What does this mean for our clients for the coming year? Given that by and large we work for the incumbents who currently dominate their markets, whether banks or card issuers or acquirers or retailers or government agencies, it’s all about linking these key trends together at a strategic level in order to be able to take advantage of the opportunities offered by the new technologies at the tactical level, working with new players where necessary, to stay on top.

My feeling is that these strategic trends will interact to cause some pretty interesting changes in our markets across the coming year, driven above all by the absolute necessity to restore sanity to the cost-benefit calculations around compliance. It will be regulatory pressures, not technology drivers, that shape most decisions in the next few months but we understand how to make effective use of new technology in responding to those pressures so that’s all good. Here’s to another great year in the world of secure electronic transactions!

Our live five for 2016

Well, however superficial they might be, there’s no doubting the popularity of the end of year roundup and predictions for the coming year. We don’t argue with the box office down at CHYP End, so here we go with our now-traditional “live five” transaction technology trends for 2016. But, first of all, I think we need to take a look at how we did with our live five for 2015 before you can decide whether to pay any attention at all to this live five! Let’s see how we did!

  1. In-App Payments. This was a good shout. The discussions around payments becoming invisible and vanishing into apps are now common currency and the trend toward retailers wanting to shift payments inside their app so that they can deliver the best service to customers was well established before Walmart Pay came on the scene.

    Target is reportedly developing a mobile wallet that customers can use to pay for goods with their smartphones, according to three unnamed sources who spoke to Reuters… also confirmed that Kohl’s plans to release a payment service called Kohl’s Pay in the fall of 2016 that would be part of the retailer’s existing app.

    [From Target thinks it has enough customer trust to get into the mobile wallet game – Quartz]

    It seems natural to me that retailers will take advantage of mobile technology to get closer to customers and there are plenty of opportunities to provide services into their apps. Just recently, McKinsey called in-app “the new battleground” for shopping (McKinsey on Payments, October 2015) and noted that what they called “repetitive interaction” (what we call “relationship” in the Consult Hyperion “3Rs” model) is way to generate more value for customers.

  2. The Three Party Party. I think we scored a bullseye here, with ChasePay the surprise announcement of Money2020. We knew nothing about the ChasePay plans when we predicted big moves away from the traditional four-party model in retail payments, we based the prediction on work that had been underway for some other clients, particularly in the field of mobile options for domestic schemes.
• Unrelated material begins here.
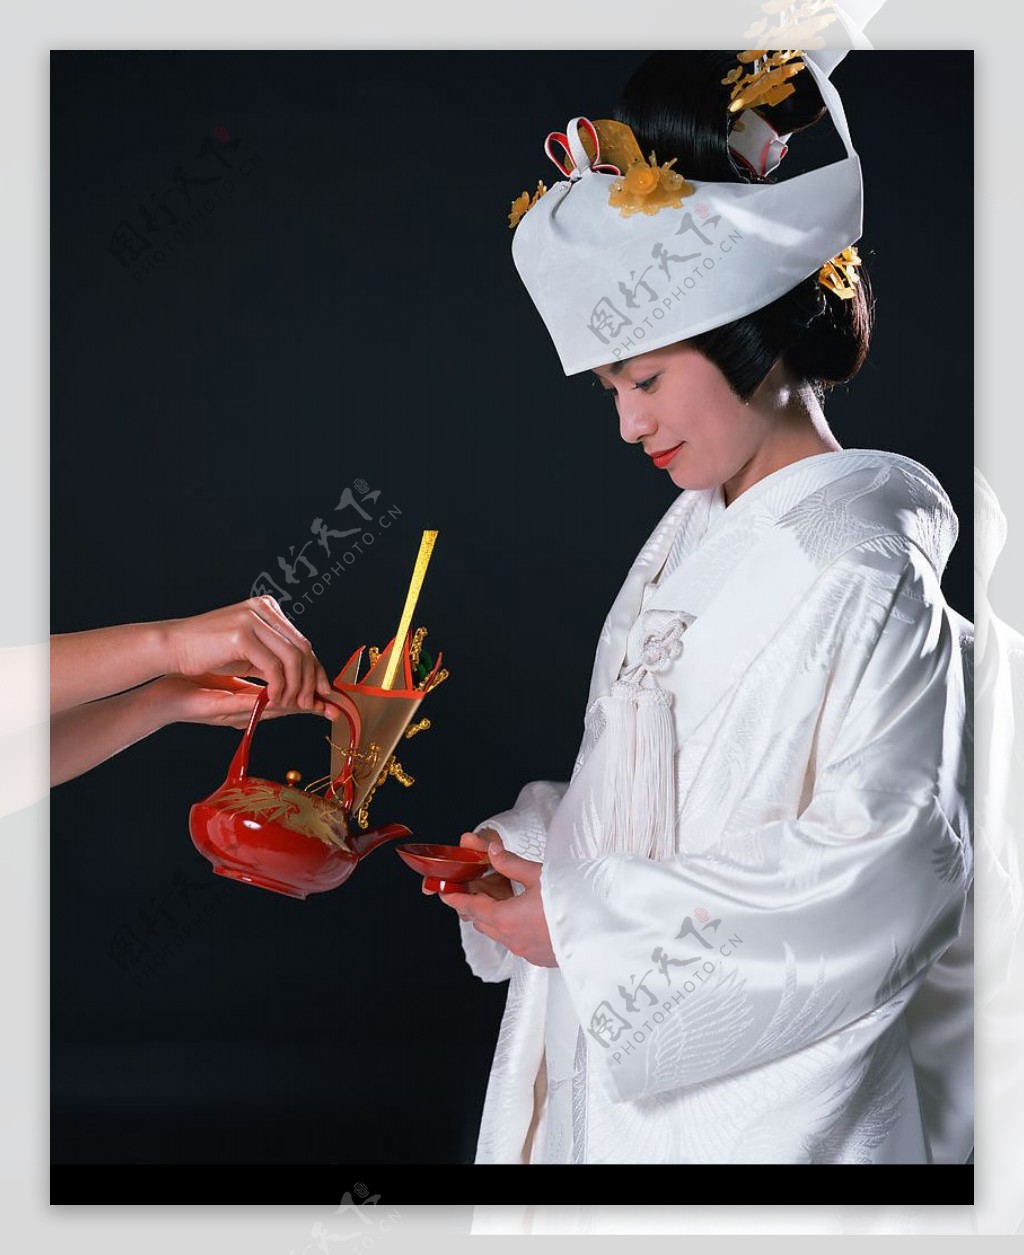 日本新娘图片

    Gordon Smith, CEO of Consumer & Community Banking at JPMC Chase Cards, introduced Chase Pay as a mobile payments solution that provides a “true omnichannel” payments experience – in-store, in-app and online purchases – and built the case for why he believes Chase Pay will be a formidable force in payments… Chase Pay will not support NFC.

    [From Chase Pay Mobile Wallet Launches — With MCX As A Partner]

    In a world of mobile phones there just isn’t the same pressure for global solutions as there has been in the past and if you look around the world you can see a clear resurgence in bank-centric three-party schemes: Russia, Turkey, India and so on.

  3. Privacy as a Proposition. This didn’t develop as we’d expected, despite the increased pressure because of massive, continuous and damaging data breaches throughout the year. I’m not entirely sure why (e.g.) banks didn’t develop more privacy-centric propositions — a good example being tokens for adult services — but I suppose they have decided that there are other more strategically important parts of the identity business to focus on.
  4. Blockchain. Wow, Another bullseye. It was definitely the year of the replicated distributed shared ledger formerly known as the blockchain, although I must agree with this commentator on the Innotribe conference that it is not wholly clear to many people exactly why:

    In front of a large group of finance professionals, “blockchain experts” and audience alike agreed that blockchains were the wave of the future – despite a complete lack of consensus on what a blockchain is. Or even why one is needed.

    [From Why Big Banks Got Blockchains Wrong in 2015 – CoinDesk]

    We are a small company, and statistically insignificant in the great sea of IT spending. But the nature of our work makes us a useful weathervane for clients and I can tell you that we have had way more blockchain-specific consulting work this year than even a reckless hypemerchant like me would have predicted (and not only in financial services). Luckily for us, being early into this space allowed us time to develop a more general approach to thinking about shared ledgers from a business perspective that has worked well in helping our customers to evolve their positions.

  5. ID for the Internet of Things. I think we can claim that there is widespread recognition of the problem now and a first few steps towards a solution with the major chip platforms working to bring secure hardware (e.g., Intel’s Enhanced Privacy ID) to devices. Given some of the work that Consult Hyperion has been doing for clients in this area, I think I might go so far as to say that I finished the year more optimistic about the possibilities here although I still think we have a long, long way to go to make the thingternet as safe and productive space.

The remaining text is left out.